- What to do
Look through the entries below and extract exactly the lines from the one containing "Each of those" through the one containing "ORDERS OF MULTIPLE", ends included.

- The data

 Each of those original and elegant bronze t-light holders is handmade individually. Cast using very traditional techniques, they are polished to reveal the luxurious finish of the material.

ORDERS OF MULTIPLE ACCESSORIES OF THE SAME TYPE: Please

---

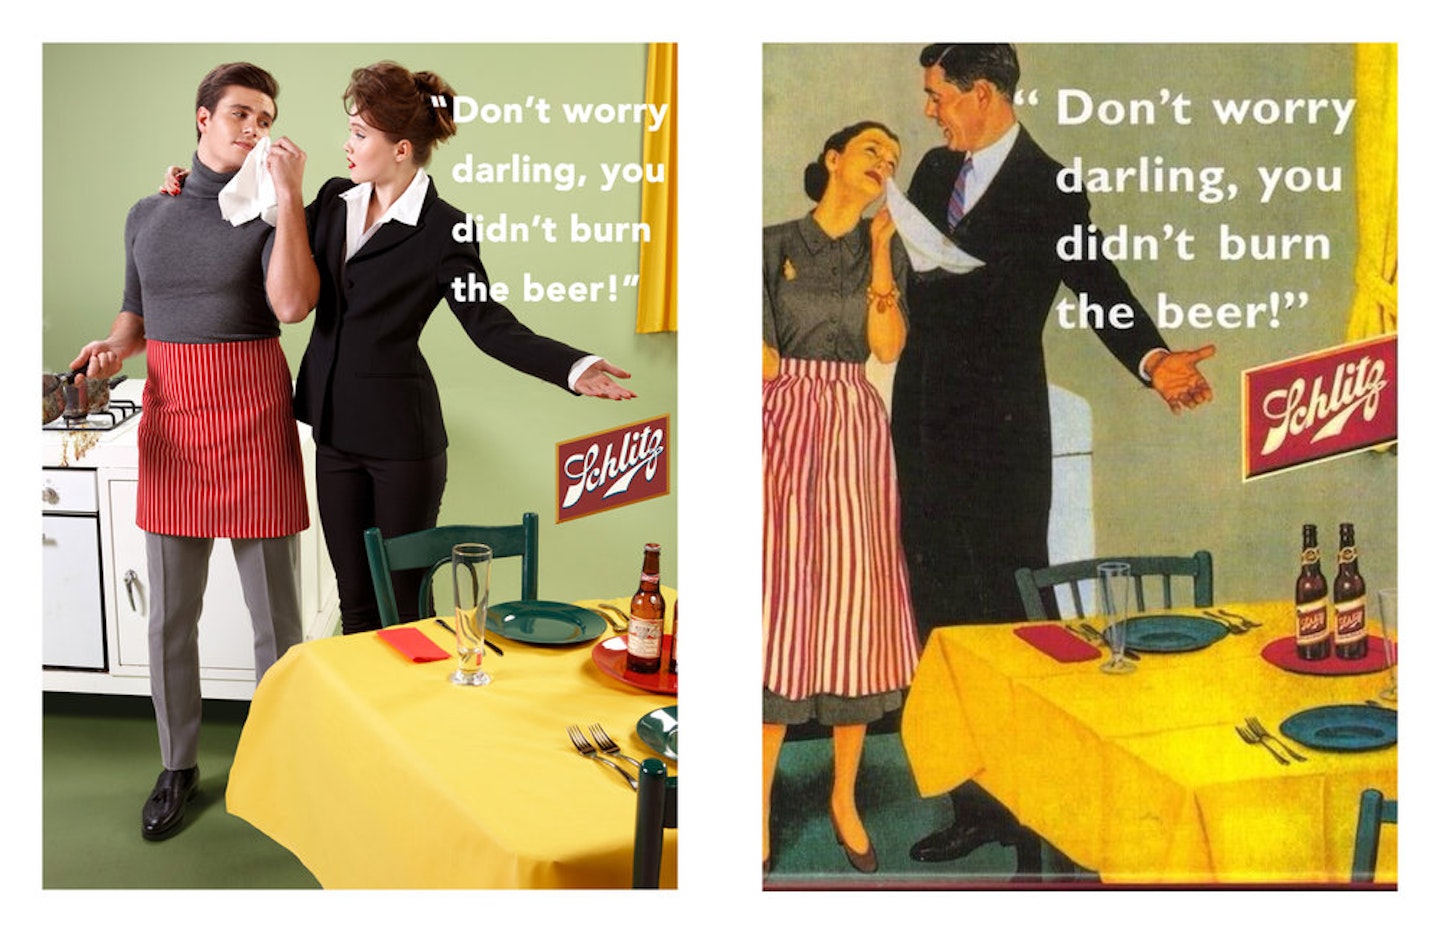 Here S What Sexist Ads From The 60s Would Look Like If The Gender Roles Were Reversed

- Expected answer
 Each of those original and elegant bronze t-light holders is handmade individually. Cast using very traditional techniques, they are polished to reveal the luxurious finish of the material.

ORDERS OF MULTIPLE ACCESSORIES OF THE SAME TYPE: Please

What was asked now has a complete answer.